Study Examines Why Victims of Domestic Violence Do Not Seek Assistance
Tuesday, August 2, 2005 1:15 PM

The purpose of the Chicago Women's Health Risk Study (CWHRS) was to get a "glimpse into abused women's reasons for not seeking particular interventions." All of the women "who entered one Chicago-area hospital and four community-based helath centers" in 1997 were screened for abuse, defined for the purpose of the study as "being physically hurt or threatened or being forced to engage in sexual activity."

The CWHRS conducted interviews with a total of 491 women who had been abused in the previous year and 208 women who had not been abused in the previous year. Of the 491 women who had been abused, forty-four percent (44%) had been abused four or more times during the previous year. Twenty-nine percent (29%) were abused once.

During the interview, participants were asked about four types of "help seeking" or "intervention," including informal conversation with friends or family, calling the police, going to the doctor, or seeking agency assitance or counseling. The women were asked if they had participated in any of the intervention and were then asked to state their reasons for not using any particular intervention.

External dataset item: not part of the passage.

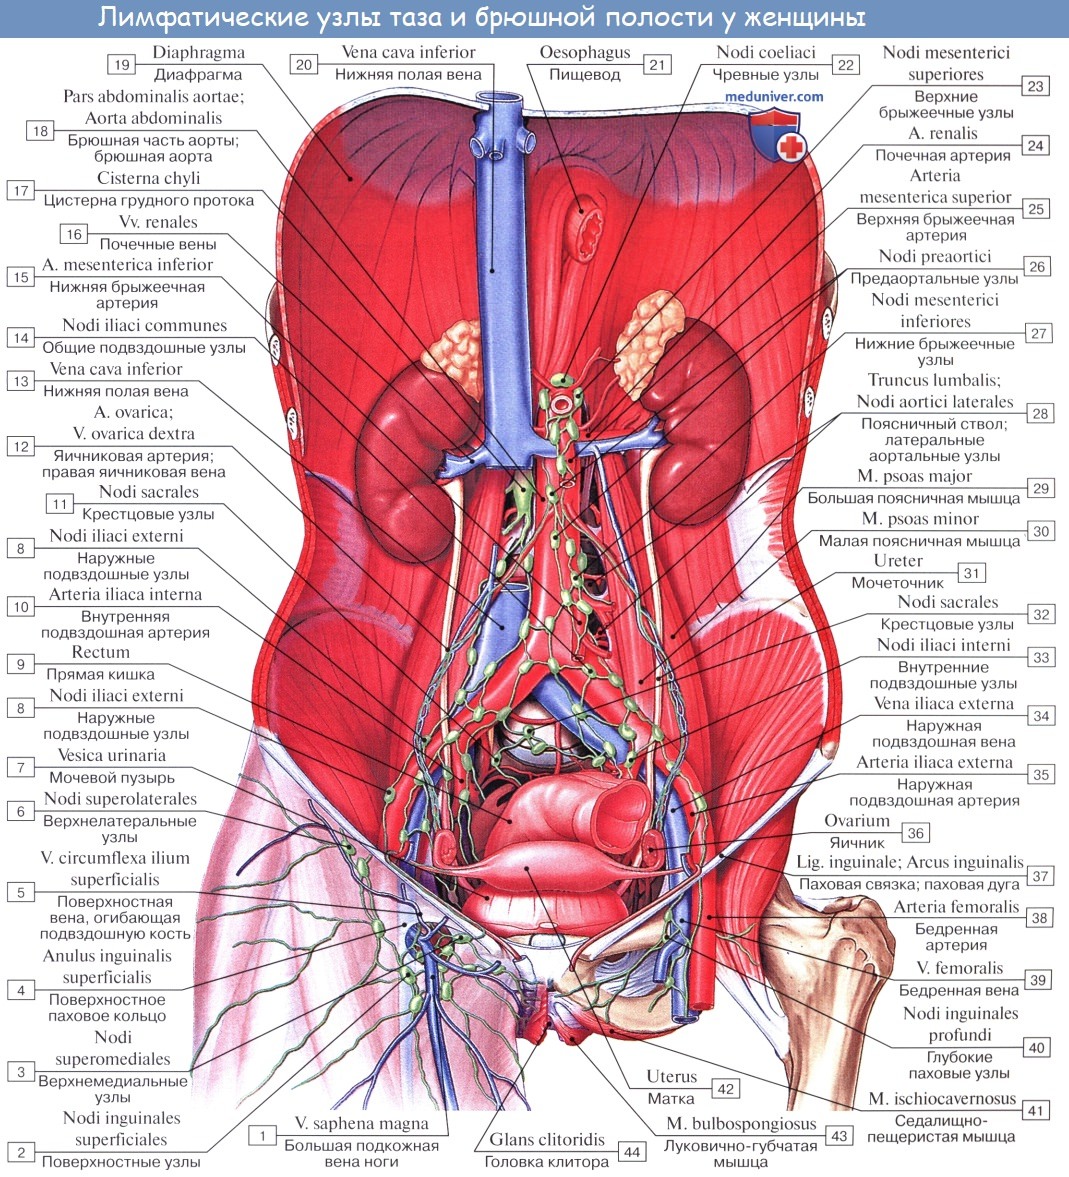 Анатомия: Сосуды и нервы яичника. Кровоснабжение, лимфатический отток от яичника. Иннервация яичника

At the conclusion of the study, the CWHRS noted some similar themes for all four types of intervention. For example, for every category of intervention there were women who stated that they did not seek that type of help because the abuse wasn't serious. Barriers, of various types, were also present for every form of intervention. For the formal interventions (the police, doctors and counselors), the barriers included partners preventing the victim from seeking assistence and logistical barriers, like lack of child care and transportation. In addition a lack of knowledge of resources created a barrier to seeking help from agencies and counselors. For the informal intervention, (talking to someone) forty-eight percent (48%) of the participants cited barriers and isolation reasons for not talking to someone about the abuse.

On the other hand, some reasons were found to be exclusive to one category of intervention. For example, women indicated fear of the consequences of calling the police, for themselves and for their abuser. They indicated concern about housing, immigration and child protective services if they contacted the police. This type of fear was not seen for the other forms of intervention.

Other reasons were cited by women for not seeking help, including a desire to protect their partner and/or continue their relationship, privacy, fear and lack of trust. After reviewing all of the data from the study, the CWHRS offered "three important implications for service providers and communities." They indicate the need to raise awareness about available resources for victims, the need to evaluate our current response systems to determine if they meet the needs of the victims and the need to stress victims' safety and their "right to self-determination." For each, the CWHRS offers suggestions for addressing these implications.

Cited from: Michelle Fugate et al., "Barriers to Domestic Violence Help Seeking," Violence Against Women Vol. 11 No. 3, March 2005.